Алексей Зубко - Сначала было весело
Пораженная, я едва не сбиваю с ног карлика.
Взревев, словно мелкий, но на диво агрессивный буйвол, Господин Кнут хлестнул плетью по спине, по ногам. Еще и еще…
Не успевшие затянуться после истязания на оргии раны отозвались острой болью. Не удержав крик, я взвизгиваю, падаю на колени, изгибаясь немыслимым образом.
– Думала, Вольдемар защитит?
Довольно ухмыляясь, карлик протягивает меня плетью вдоль позвоночника и направляется к толстушке.
Вытерев рукавом слезы, с трудом поднимаюсь на ноги.
Больно-то как!
Воспользовавшись тем, что надсмотрщик переключился на напарницу, плетью указывая место, куда нужно насыпать яду, я скашиваю глаза на заинтересовавший меня предмет.

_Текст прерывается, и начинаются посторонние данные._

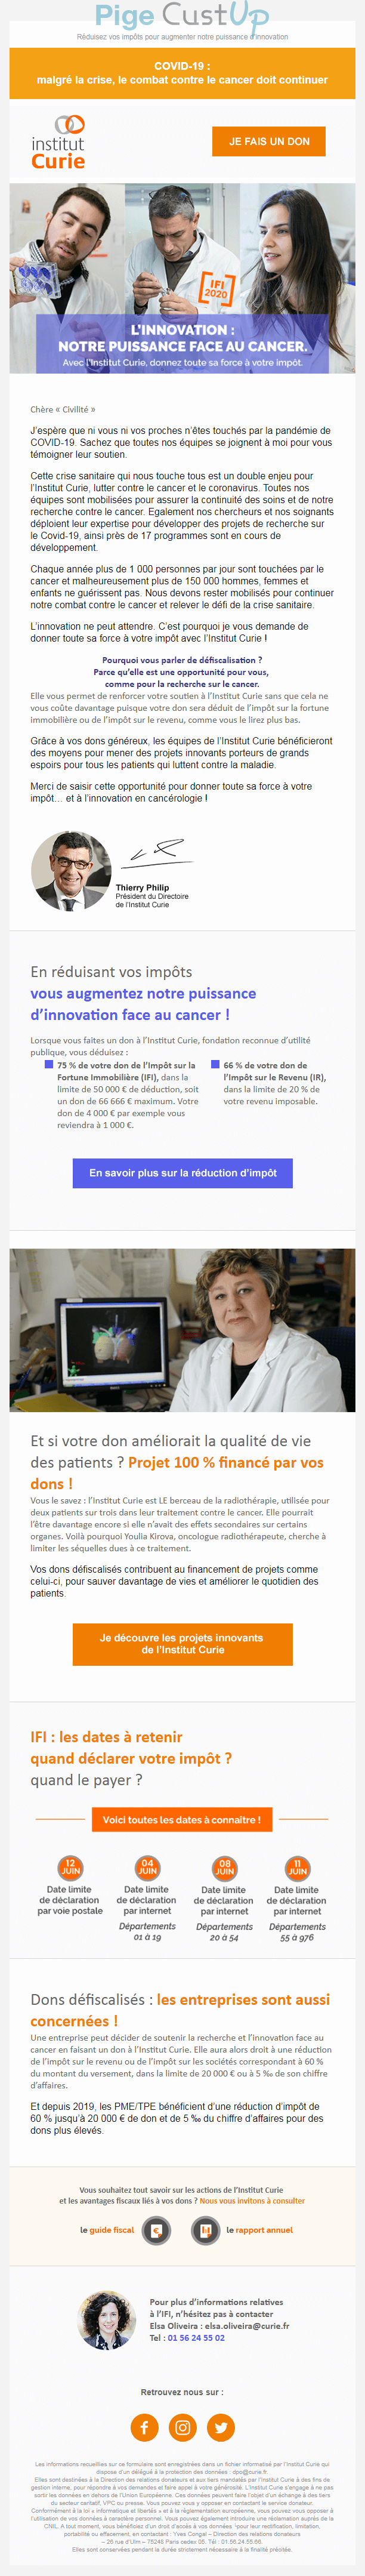 Exemple de Type de media  e-mailing - Institut Curie - Marketing Acquisition - Collecte de dons - Marketing marque - Institutionnel

Прямоугольный жестяной короб, забранный мелкоячеечной сеткой, выступает прямо из стены. Вентиляционная шахта. По высоте не меньше полуметра. А по ширине и того больше. Если открутить прижимную рамку, удастся снять сетку и… путь вперед открыт. Пролезть смогу очень легко.
И куда вентиляционная шахта ведет? За пределы подземелья. На свободу.
От неожиданного открытия кровь забурлила в венах. Стараясь скрыть нервную дрожь, особо тщательно рассыпаю яд у задних ножек обеденного стола. Столешница столь безжалостно изрублена и изрезана, что невольно вспоминается колода для рубки дров.
Несмотря на боль в иссеченной спине, возбуждение, охватившее меня, заставляет сердце биться часто-часто.
Закончив рассыпать отраву в комнате Мордоворота, переходим к банно-прачечному комплексу. Приходится поползать на коленях, засовывая руку в темные узкие зазоры под стиральными машинками и сушильной камерой, под нагревательным котлом сауны и бельевым комодом, древним, как сами скалы, в которых вырублено подземелье.
– На сегодня достаточно, – командует Господин Кнут. – Устал я что-то… от трудов праведных.
Вернувшись в камеру, я первым делом оторвала присохшие к ранам участки халата. По-хорошему, их бы обработать йодом или перекисью. Но в камерах аптечка не предусмотрена, а просить надсмотрщиков, Господина Кнута или Мордоворота – напрасная трата времени и неоправданный риск. Опустившись на койку, кладу на колени раскрытую книгу и погружаюсь в размышления.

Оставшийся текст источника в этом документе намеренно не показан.